- **Exercise material**:
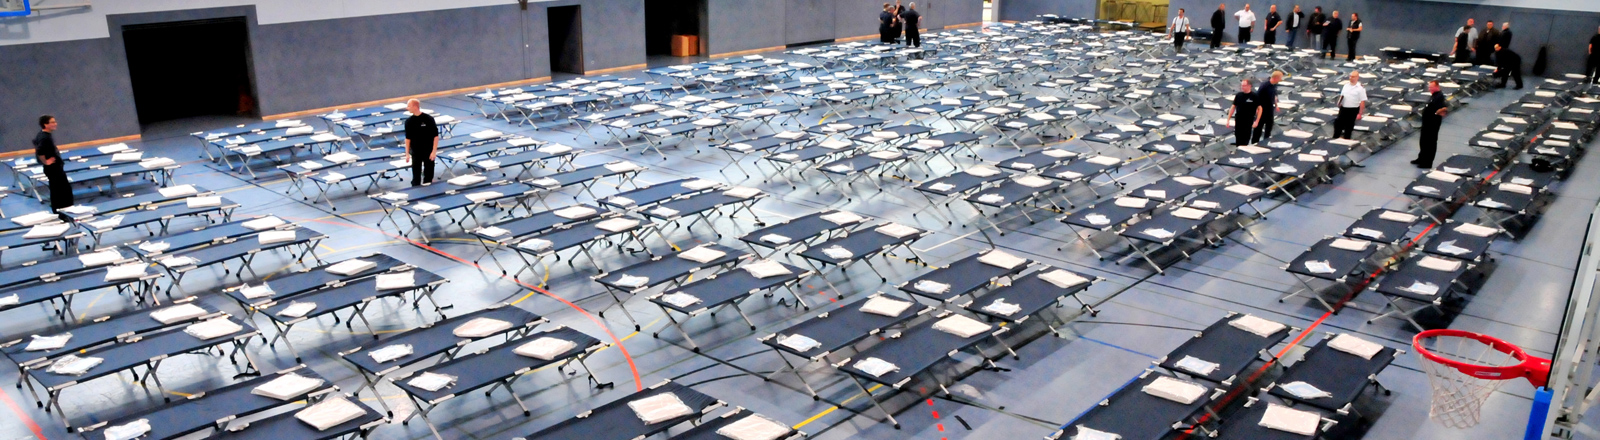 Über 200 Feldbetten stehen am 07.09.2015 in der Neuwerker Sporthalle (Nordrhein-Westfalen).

...

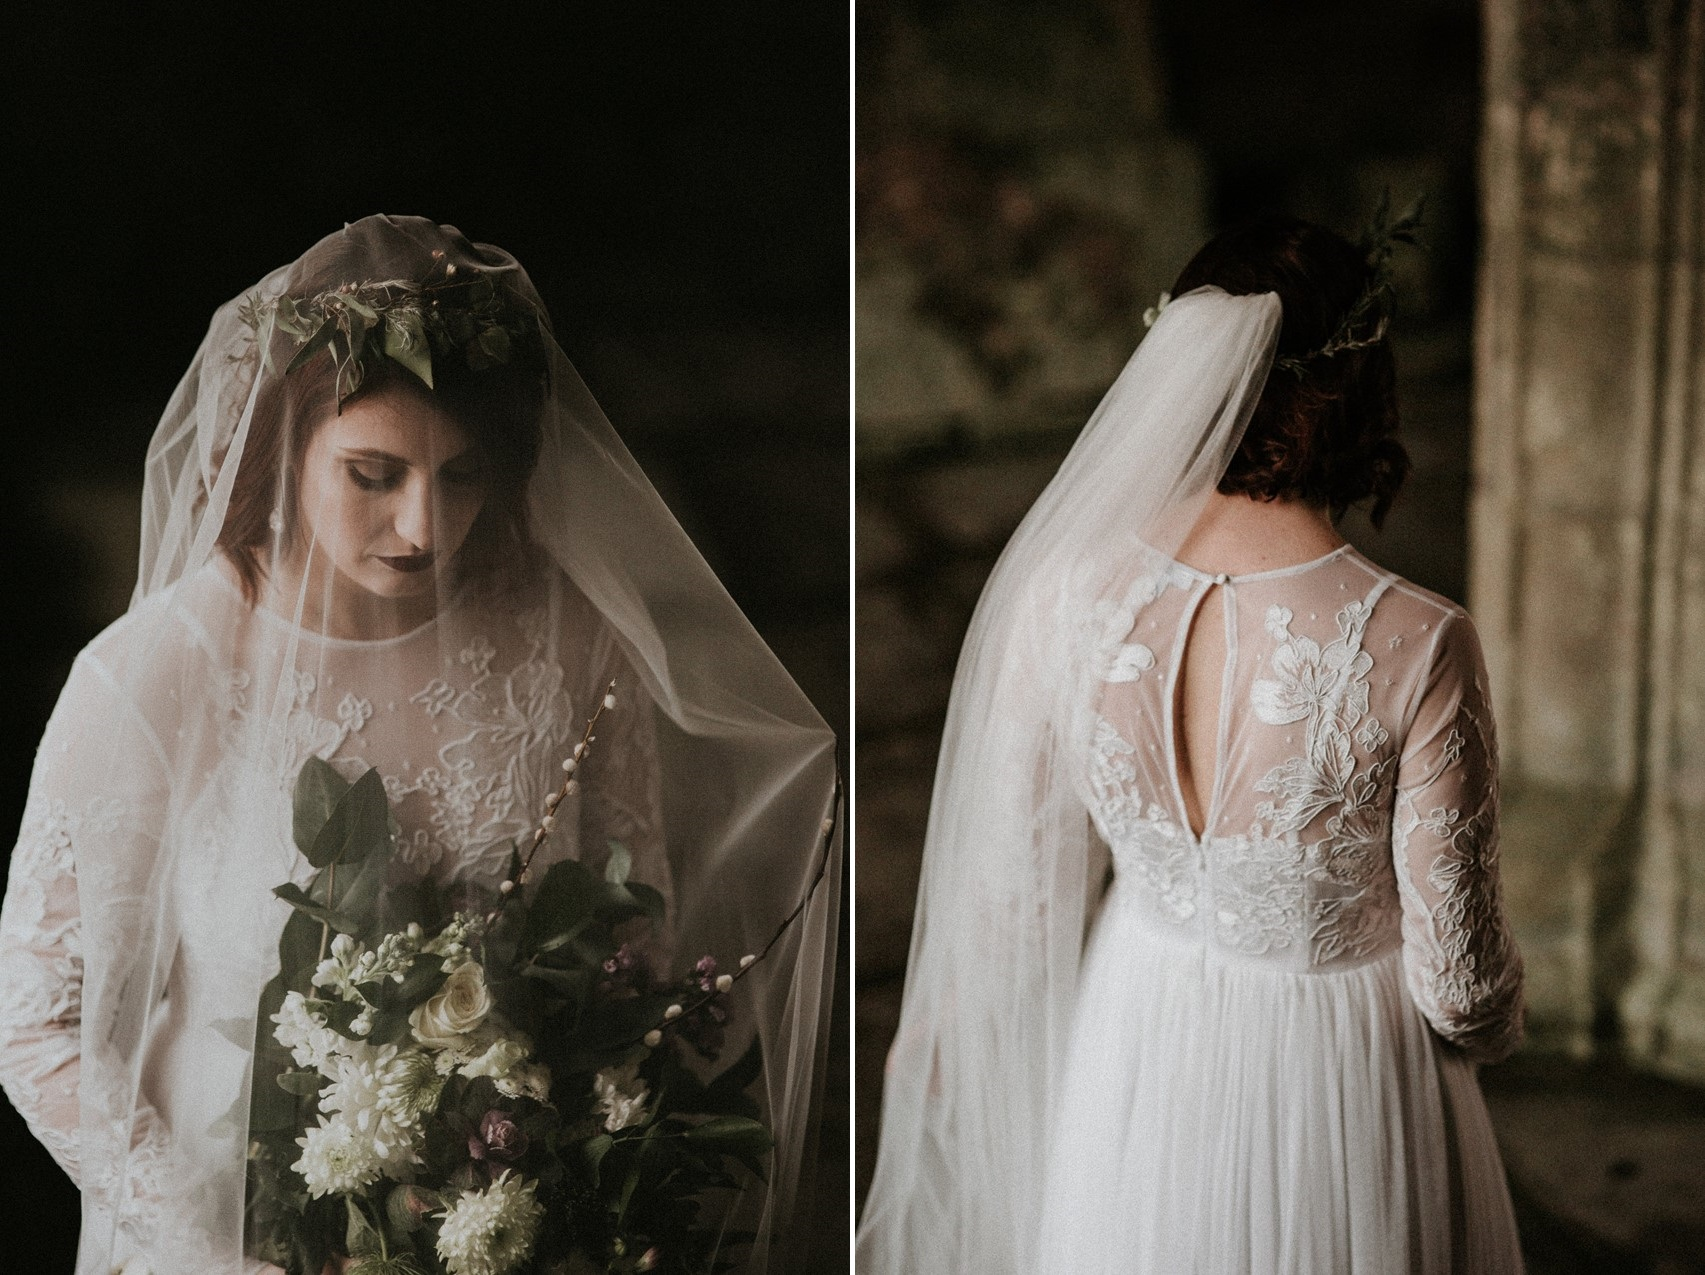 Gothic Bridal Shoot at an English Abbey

...

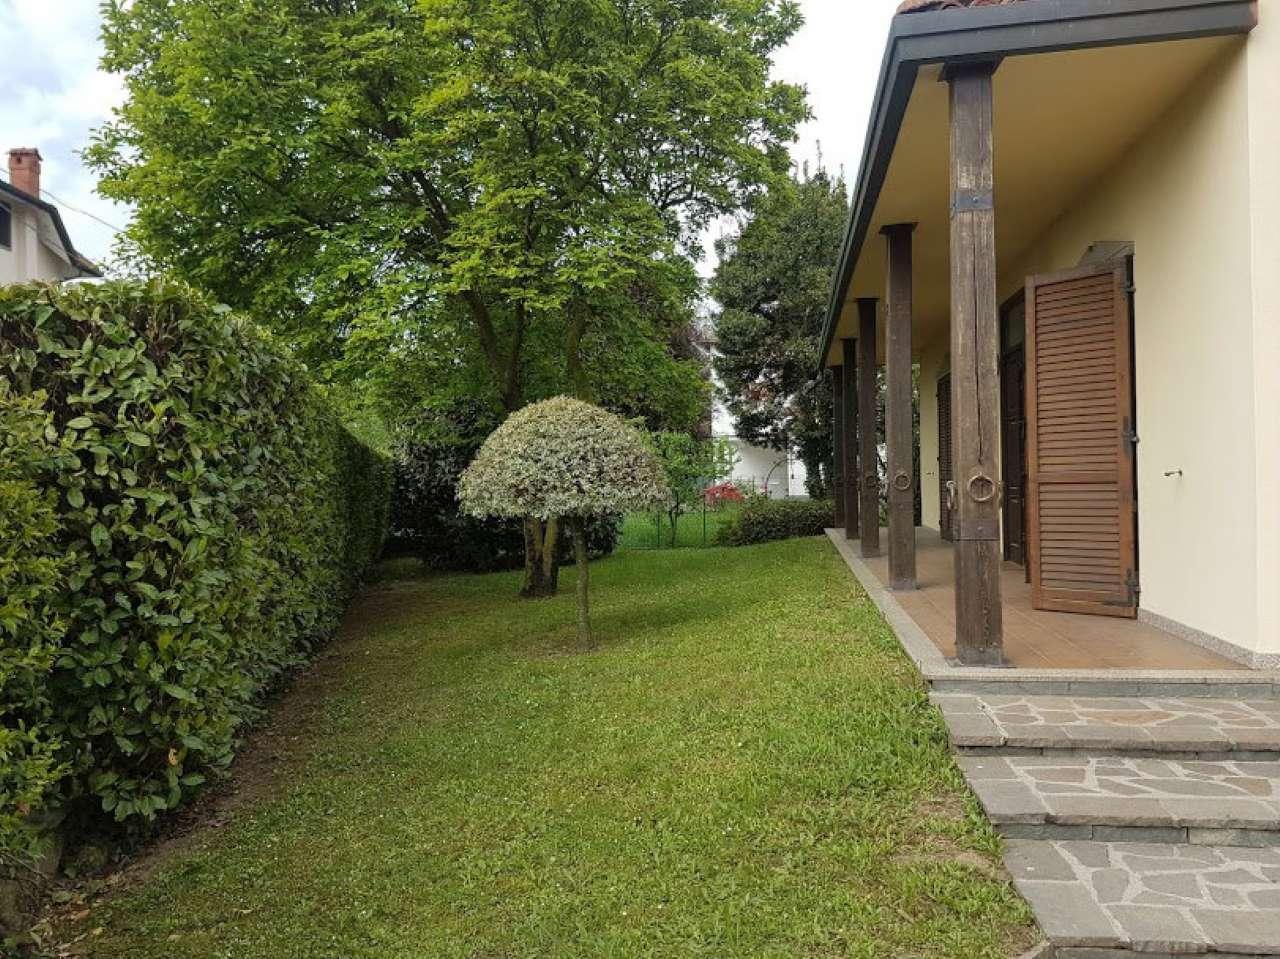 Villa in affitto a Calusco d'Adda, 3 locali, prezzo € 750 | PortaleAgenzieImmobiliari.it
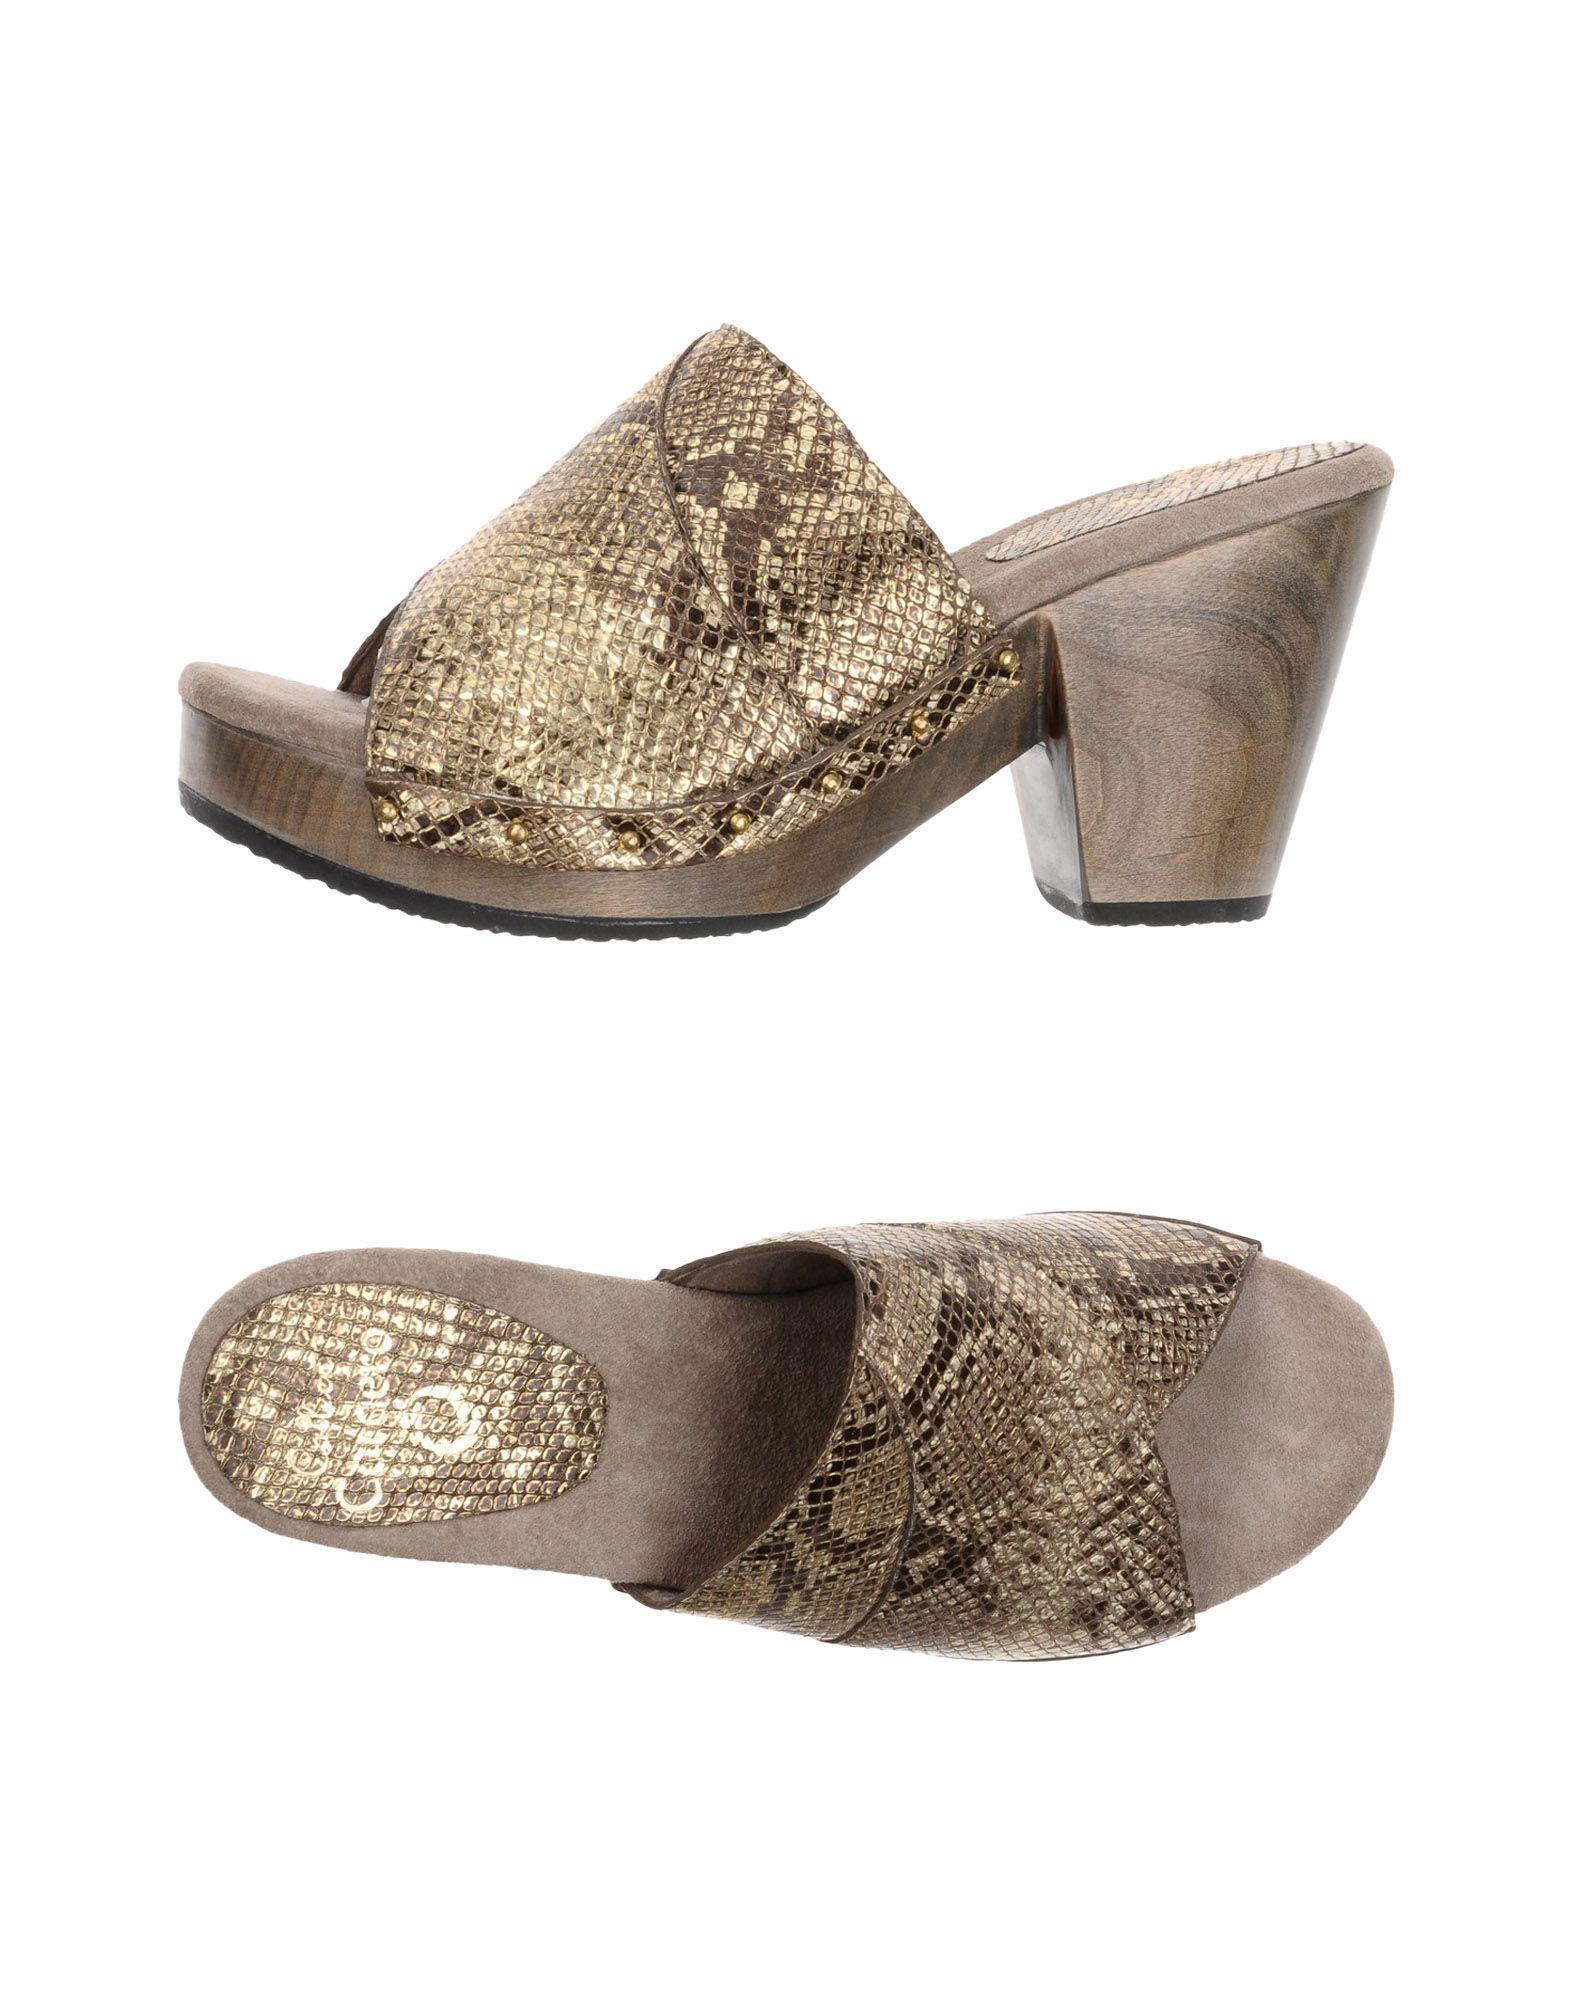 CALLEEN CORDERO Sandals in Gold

- **Required action**: Within the data above, repeat exactly the lines from the one bearing "Villa in affitto" through the one bearing "CALLEEN CORDERO Sandals in Gold". Include no pictures and nothing else.

- **Task result**:
 Villa in affitto a Calusco d'Adda, 3 locali, prezzo € 750 | PortaleAgenzieImmobiliari.it
 CALLEEN CORDERO Sandals in Gold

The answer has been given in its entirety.